The master is responsible for communication, forwarding, and aggregation, with minimal computation and resource usage. Workers are computation nodes used to store graph data and run computation tasks, consuming a large amount of memory and CPU. The grpc and rest modules handle internal communication and external calls, respectively.
The framework’s runtime configuration can be passed via command-line parameters or specified in configuration files located in the config/
directory. The --env
parameter can specify which configuration file to use, e.g., --env=master
specifies using master.ini
. Note that the master needs to specify the listening port, and the worker needs to specify the listening port and the master’s ip:port
.
1.2 Running Method
Enter the directory and input ./vermeer --env=master
or ./vermeer --env=worker01
.
2. Task Creation REST API
2.1 Introduction
This REST API provides all task creation functions, including reading graph data and various computation functions, offering both asynchronous and synchronous return interfaces. The returned content includes information about the created tasks. The overall process of using Vermeer is to first create a task to read the graph data, and after the graph is read, create a computation task to execute the computation. The graph will not be automatically deleted; multiple computation tasks can be run on one graph without repeated reading. If deletion is needed, the delete graph interface can be used. Task statuses can be divided into graph reading task status and computation task status. Generally, the client only needs to know four statuses: created, in progress, completed, and error. The graph status is the basis for determining whether the graph is available. If the graph is being read or the graph status is erroneous, the graph cannot be used to create computation tasks. The delete graph interface is only available when the graph is in the loaded or error status and has no computation tasks.

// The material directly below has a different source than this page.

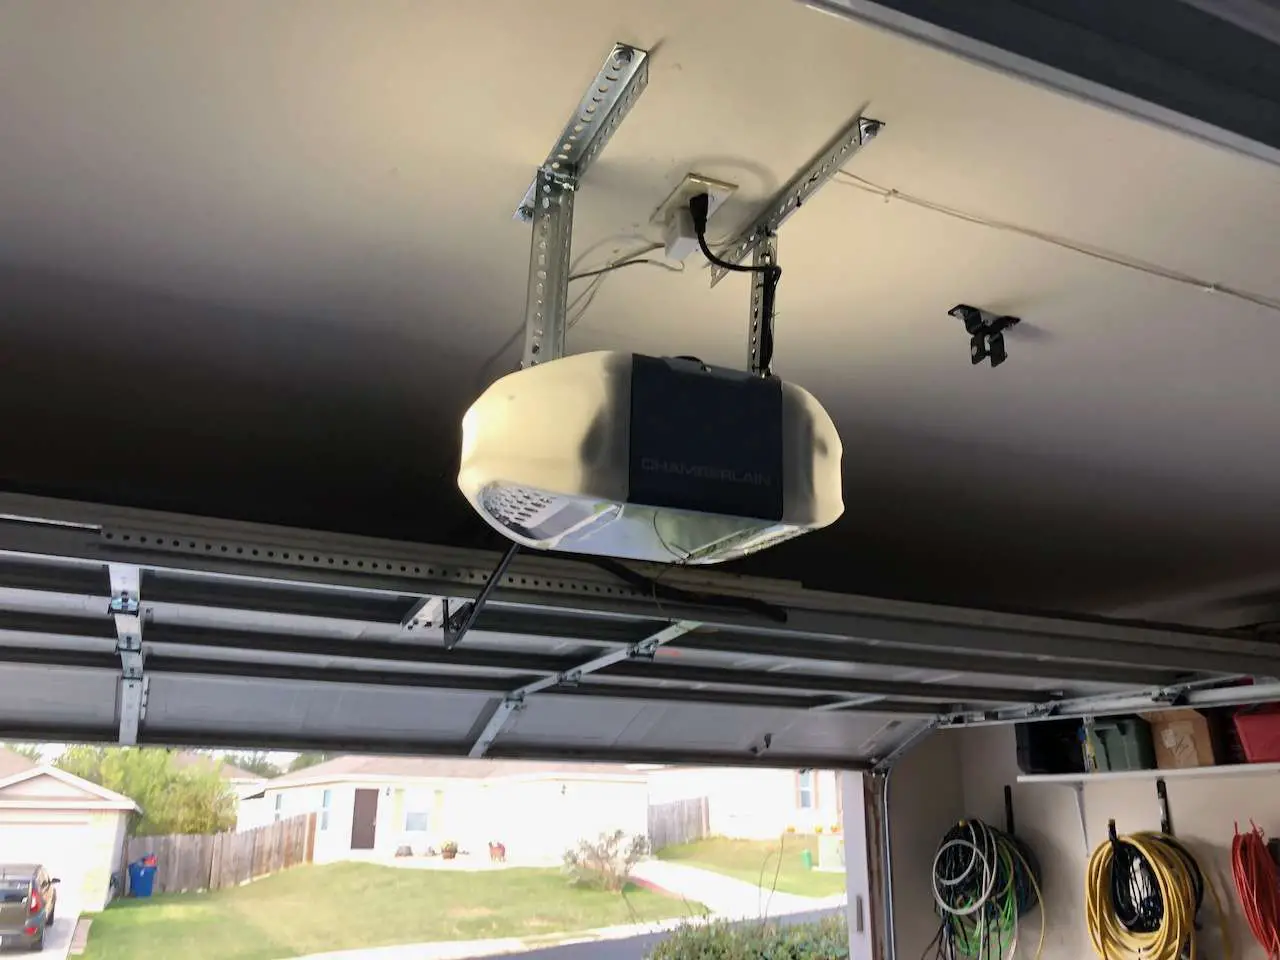 Liftmaster Garage Door Opener Opens and Closes on Its Own

Available URLs are as follows:
- Asynchronous return interface: POST http://master_ip:port/tasks/create returns only whether the task creation is successful, and the task status needs to be actively queried to determine completion.

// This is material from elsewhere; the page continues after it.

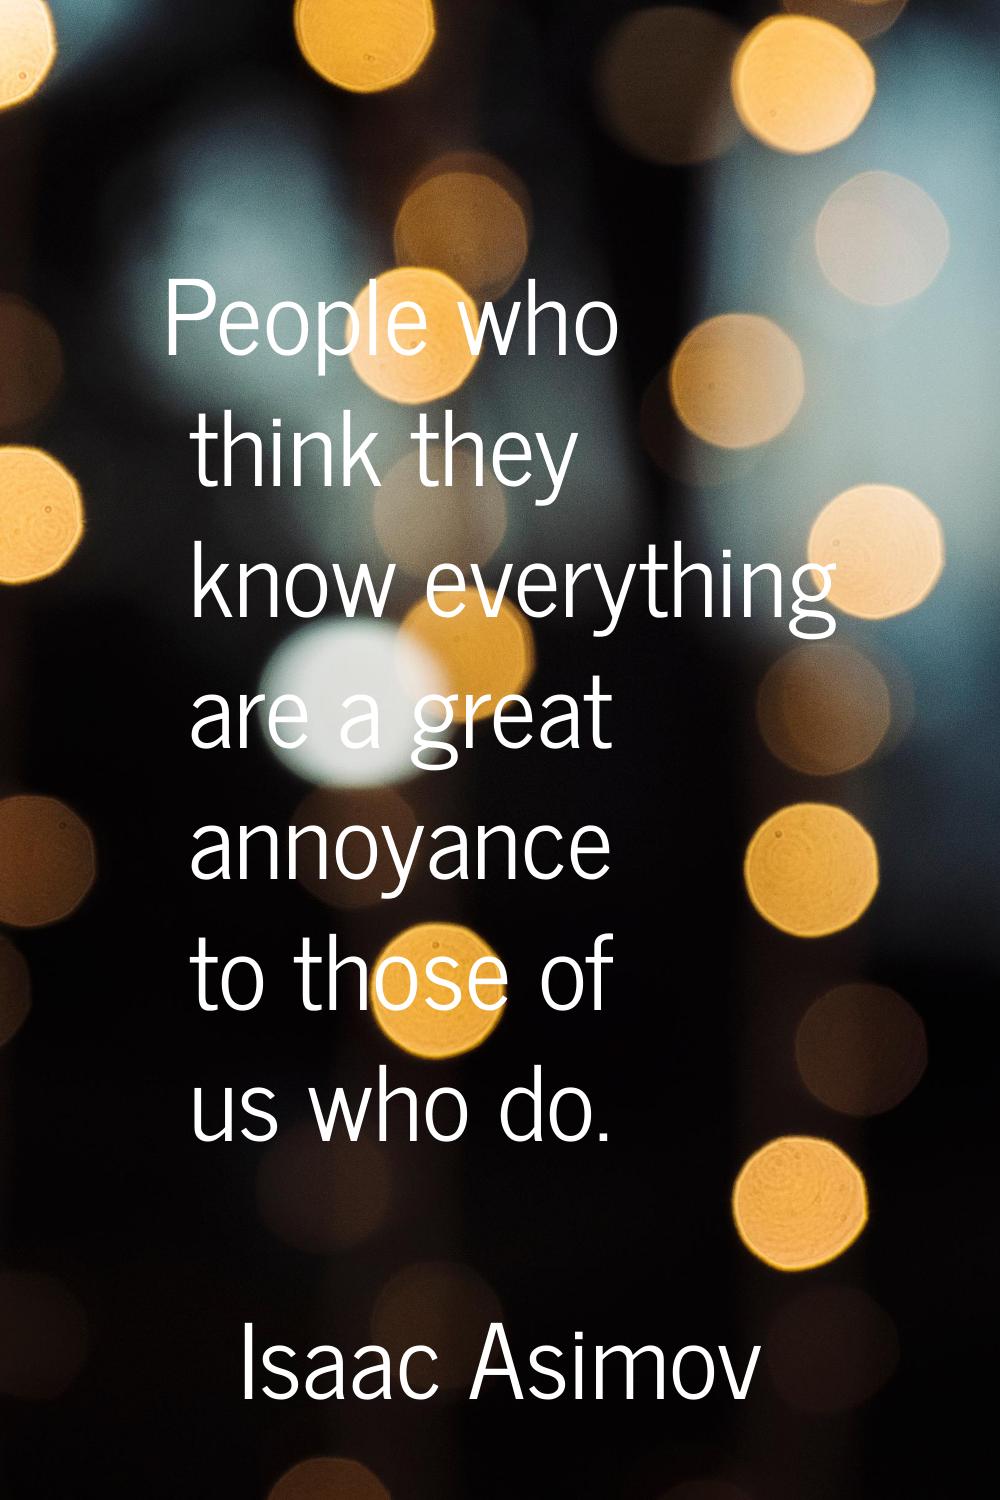 People who think they know everything are a great annoyance to those of us who do.

- Synchronous return interface: POST http://master_ip:port/tasks/create/sync returns after the task is completed.
2.2 Loading Graph Data
Refer to the Vermeer parameter list document for specific parameters.
Request example:
POST http://localhost:8688/tasks/create
{
"task_type": "load",
"graph": "testdb",
"params": {
"load.parallel": "50",
"load.type": "local",
"load.vertex_files": "{\"localhost\":\"data/twitter-2010.v_[0,99]\"}",
"load.edge_files": "{\"localhost\":\"data/twitter-2010.e_[0,99]\"}",
"load.use_out_degree": "1",
"load.use_outedge": "1"
}
}
2.3 Output Computation Results
All Vermeer computation tasks support multiple result output methods, which can be customized: local, hdfs, afs, or hugegraph. Add the corresponding parameters under the params parameter when sending the request to take effect. When output.need_statistics is set to 1, it supports outputting statistical information of the computation results, which will be written in the interface task information. The statistical mode operators currently support “count” and “modularity,” but only for community detection algorithms.

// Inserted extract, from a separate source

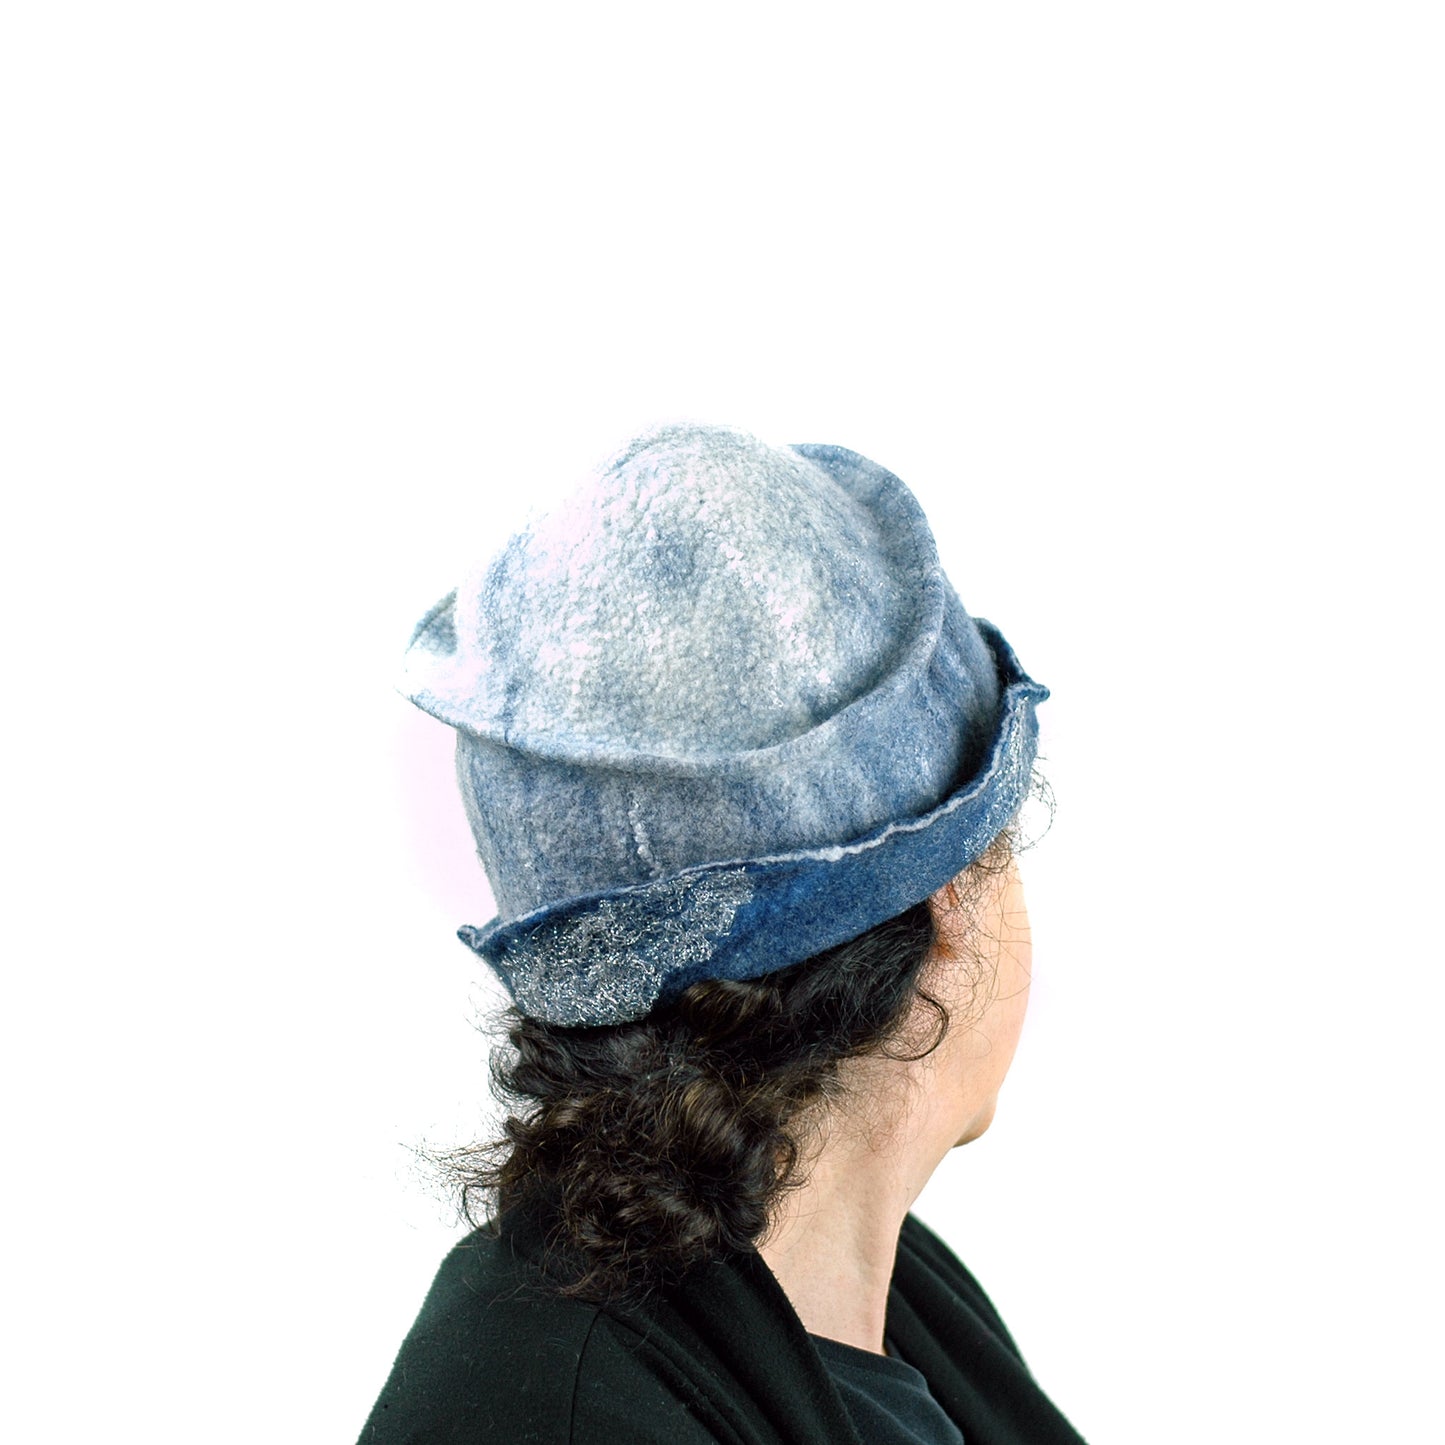 Indigo and White Felted Cloche Hat made with Superfine Merino Wool and Silver Lace - back view

Refer to the Vermeer parameter list document for specific parameters.
Request example:
POST http://localhost:8688/tasks/create
{
"task_type": "compute",
"graph": "testdb",
"params": {
"compute.algorithm": "pagerank",
"compute.parallel":"10",
"compute.max_step":"10",
"output.type":"local",
"output.parallel":"1",
"output.file_path":"result/pagerank"
}
}
3. Supported Algorithms
3.1 PageRank
The PageRank algorithm, also known as the web ranking algorithm, is a technique used by search engines to calculate the relevance and importance of web pages (nodes) based on their mutual hyperlinks.
- If a web page is linked to by many other web pages, it indicates that the web page is relatively important, and its PageRank value will be relatively high.
- If a web page with a high PageRank value links to other web pages, the PageRank value of the linked web pages will also increase accordingly.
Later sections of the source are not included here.